One of the subjects we tackled during the seminar was e-books, which as you can imagine, was a hot topic.  It made me wonder if authors really know why this is such a big debate issues nowadays, other than the fact that more and more people are buying them.

In the past, the standard e-book royalty was 15% of the list prices, whereas now it is normally 25% of net receipts.  This new standard is known as the “Agency Model.”  Before the agency model, agents sold e-books pretty much the same way they sold printed books. 

When Apple became an e-book retailer in 2010, they changed the way things were done by acting as a sales agent for publishers, which means that they took a 30% commission from each e-book sale but had the publisher set the price of the e-book.  Authors would take their royalty money from the 70% that went to the publisher.  So in the old model, an author would receive $1.50 for a $10.00 e-book, whereas now they would receive a slightly higher royalty of $1.75.  

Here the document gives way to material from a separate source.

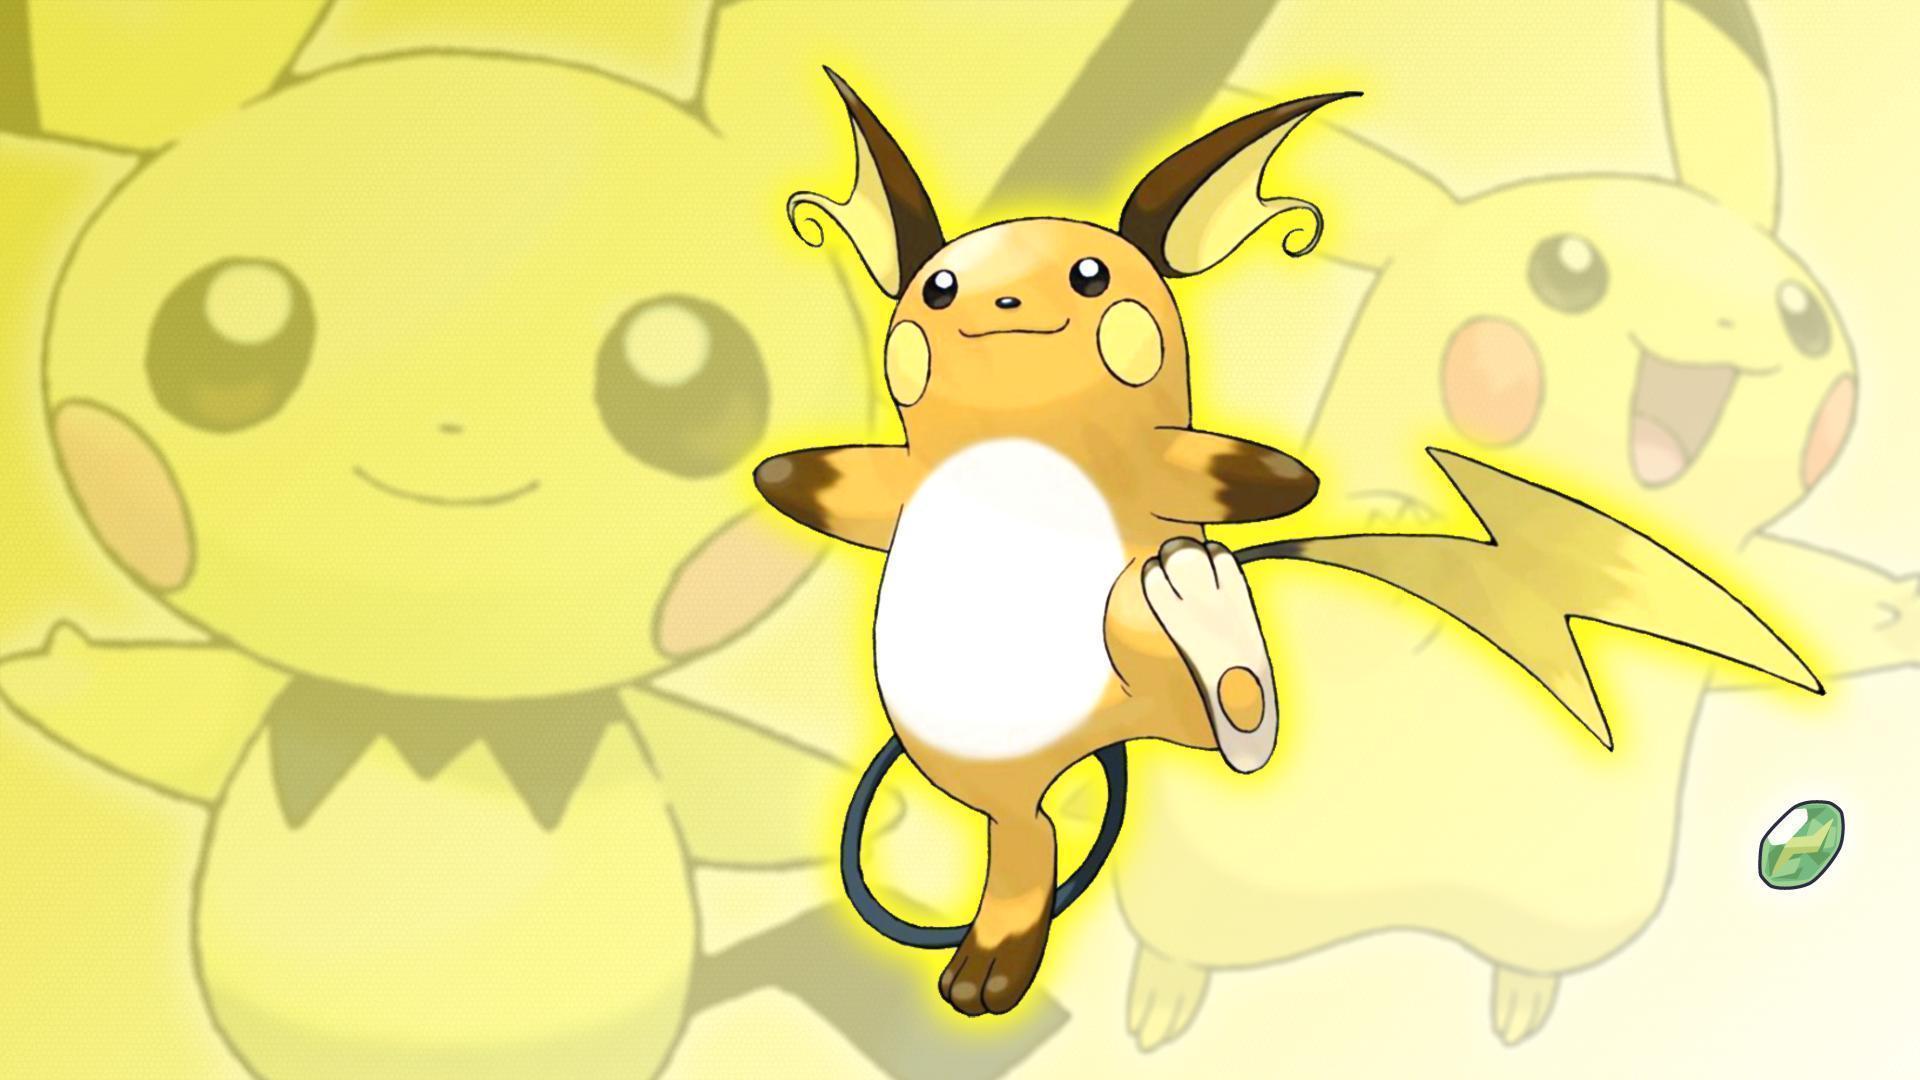 how to get alolan pikachu

The “ehhhhh” part of all this is that the publisher can pretty much determine how much they (and their authors) will get since they can set the list price, and the Department of Justice isn’t sure how good that sounds.  However, the Justice Department's proposed settlement, which allows Amazon to function without making a profit, will  prevent traditional bookstores from entering the e-book market and will create an Amazon monopoly.  Basically, blame Steve Jobs.

It’s all your fault!

1 comment:

  1. Carrie! I thought you might have a blog so look—I found it! So glad you mentioned the idiotic DoJ case. Cannot believe they're suing Apple and the publishers for "collaborating" to raise prices while Amazon gets away with predatory pricing! Since when does trying to keep Amazon the Devourer from chomping down on your business equal violating antitrust laws? So much for bringing down monopolies. This couldn't have worked out better for Amazon if they had planned the whole thing. Somewhere out there Jeff Bezos is toasting himself and laughing maniacally from the parapet of his floating golden castle.